The Year of The Sex Olympics - Cultural Significance

Cultural Significance

One of the first to draw comparisons with The Year of the Sex Olympics and the rise of reality television programmes (soap operas without professional actors), such as Big Brother, Castaway 2000 and Survivor, was the journalist Nancy Banks-Smith in a review of the first series of the UK version of Big Brother for The Guardian in 2000, a theme she later expounded upon in 2003, writing that the play "foretold the reality show and, in the scramble for greater sensation, its logical outcome". Banks-Smith had long been an admirer of The Year of the Sex Olympics, having written in The Sun following its original broadcast in 1968: "Quite apart from the excellent script and the 'big big' treatment, the play radiated ripples. Is television a substitute for living? Does the spectacle of pain at a distance atrophy sympathy? Can this coffin with knobs on furnish all we need to ask?". Another admirer, the writer and actor Mark Gatiss, has said that upon seeing Big Brother he yelled at the television, "Don't they know what they're doing? It's The Year of the Sex Olympics! Nigel Kneale was right!". When The Year of the Sex Olympics was repeated on BBC Four on 22 May 2003, Paul Hoggart in The Times noted that "in many respects Kneale was right on the money when you consider that nothing gets contemporary reality show audiences more excited than an emotional train-wreck on live TV".

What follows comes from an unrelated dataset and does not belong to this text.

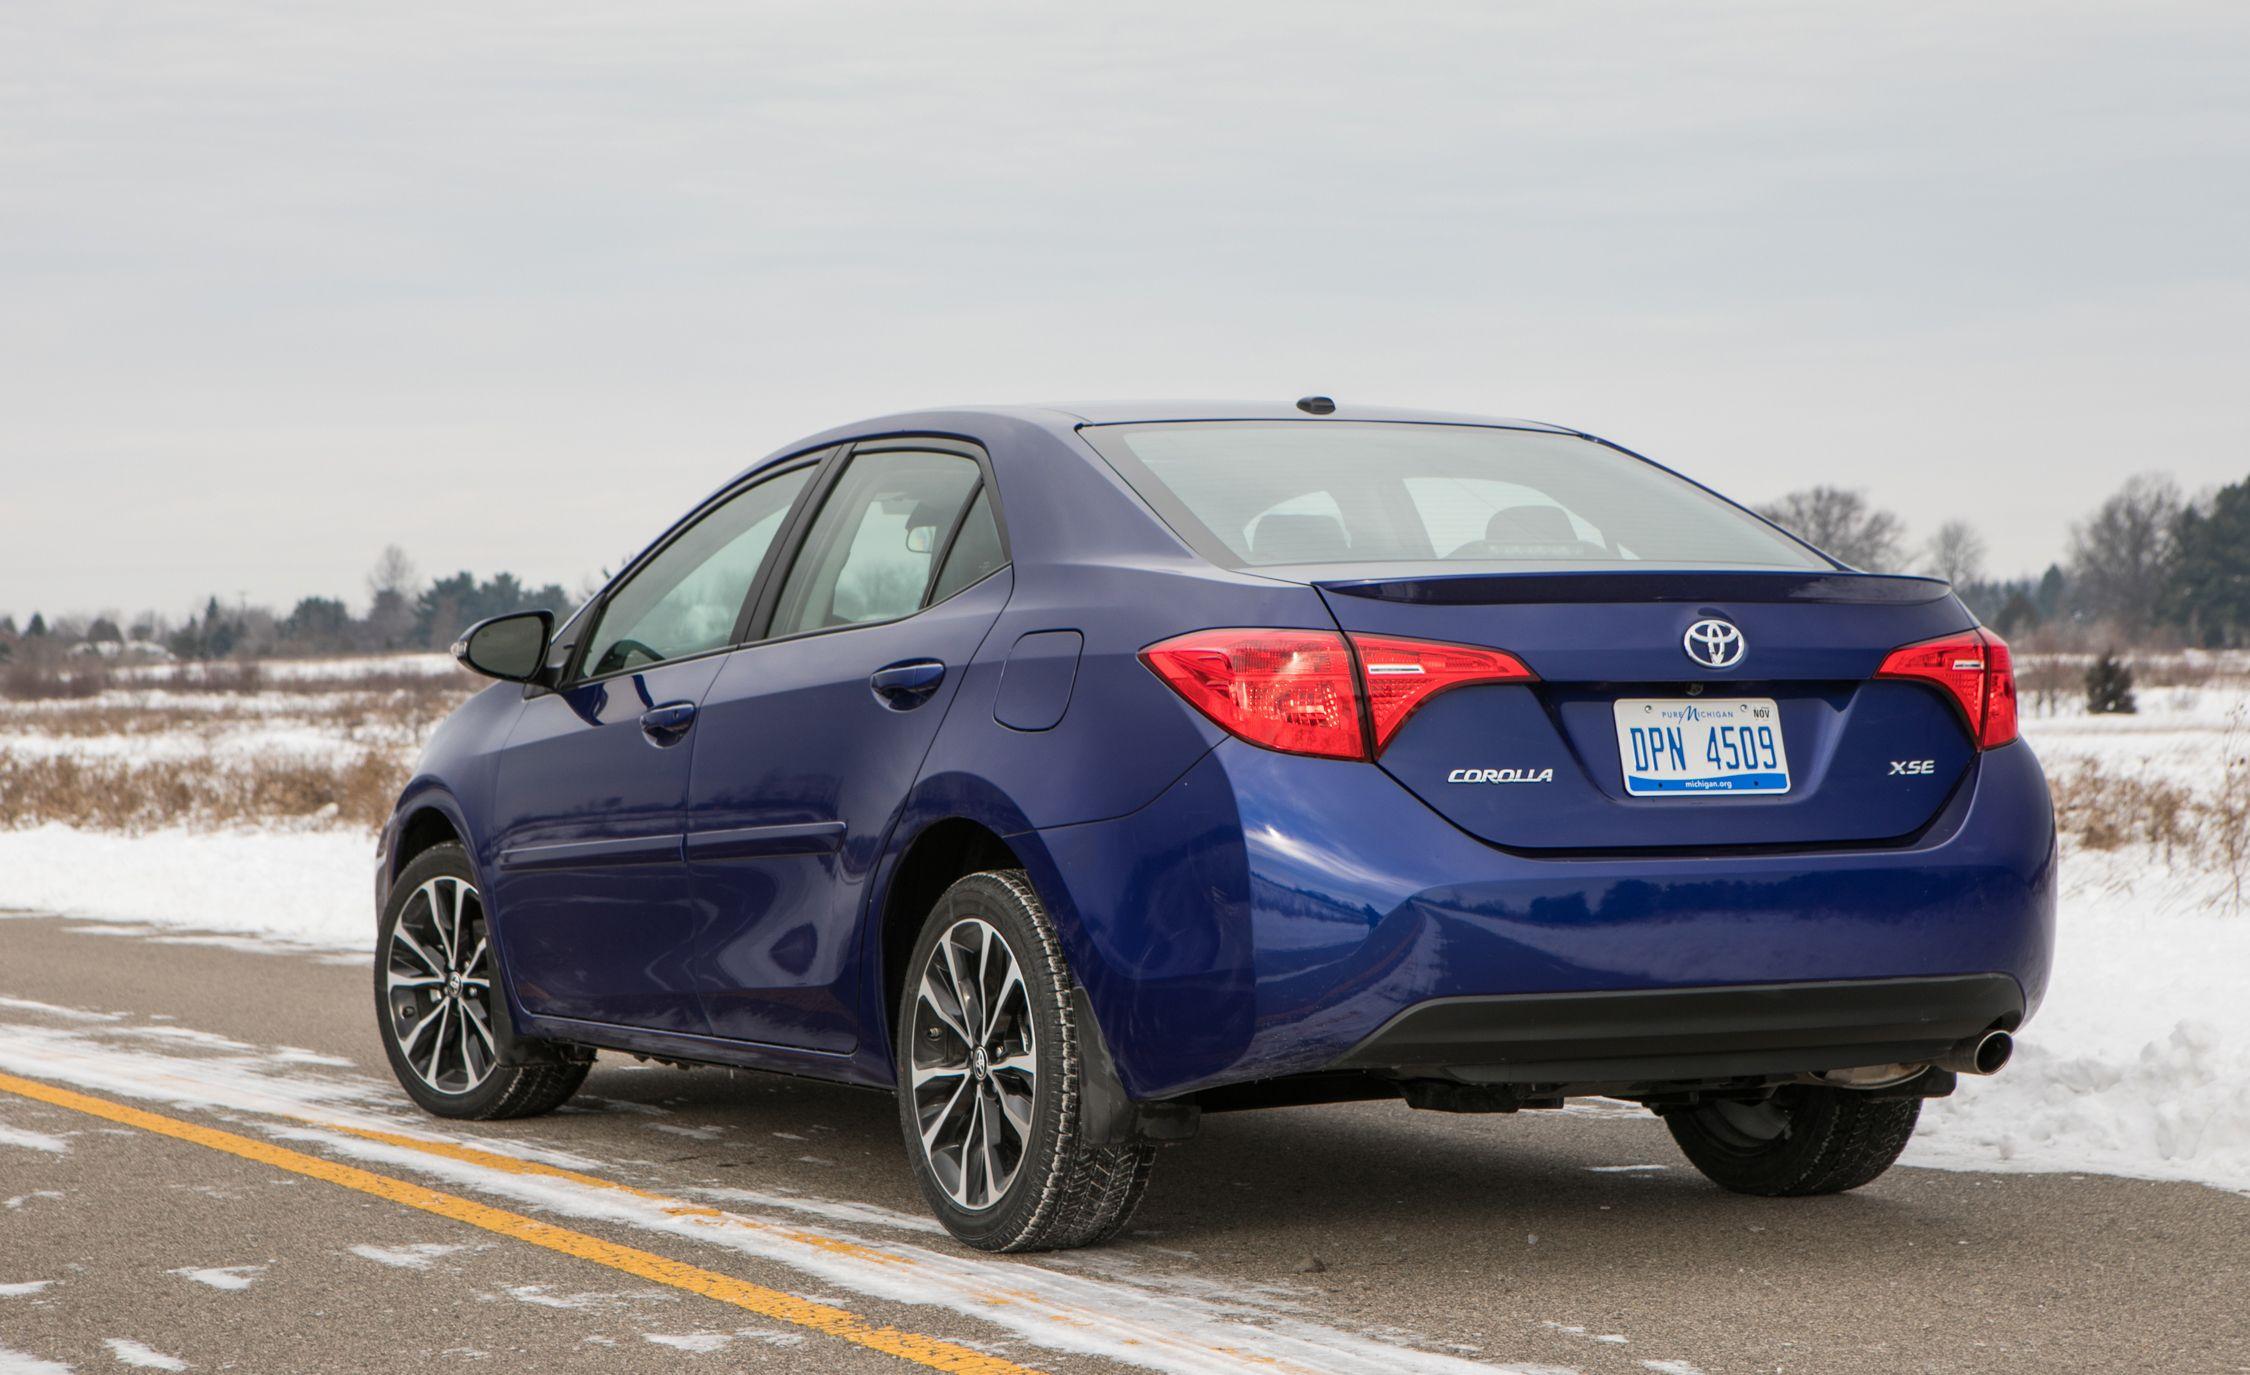 Toyota Corolla Gas Mileage >> 2017 Toyota Corolla Fuel Economy Review Car And Driver

Although the reality television of The Live Life Show is the aspect most commentators pick up on, The Year of the Sex Olympics is also a wider satire on sensationalist television and the media in general. Mark Gatiss has noted that the Artsex and Foodshow programmes that also appear in the play "ingeniously depicted the future of lowest common denominator TV". This view is echoed by the writer and critic Kim Newman who has said that "as an extreme exercise in revolutionary self-criticism on the part of television professionals, who also lampoon their own world of chattering commentators and ratings-chasing sensationalism, the play is a trenchant contribution to a series of debates that is still raging" and has concluded that "Nigel Kneale might be quite justified in shouting, "I was right! I was right!"".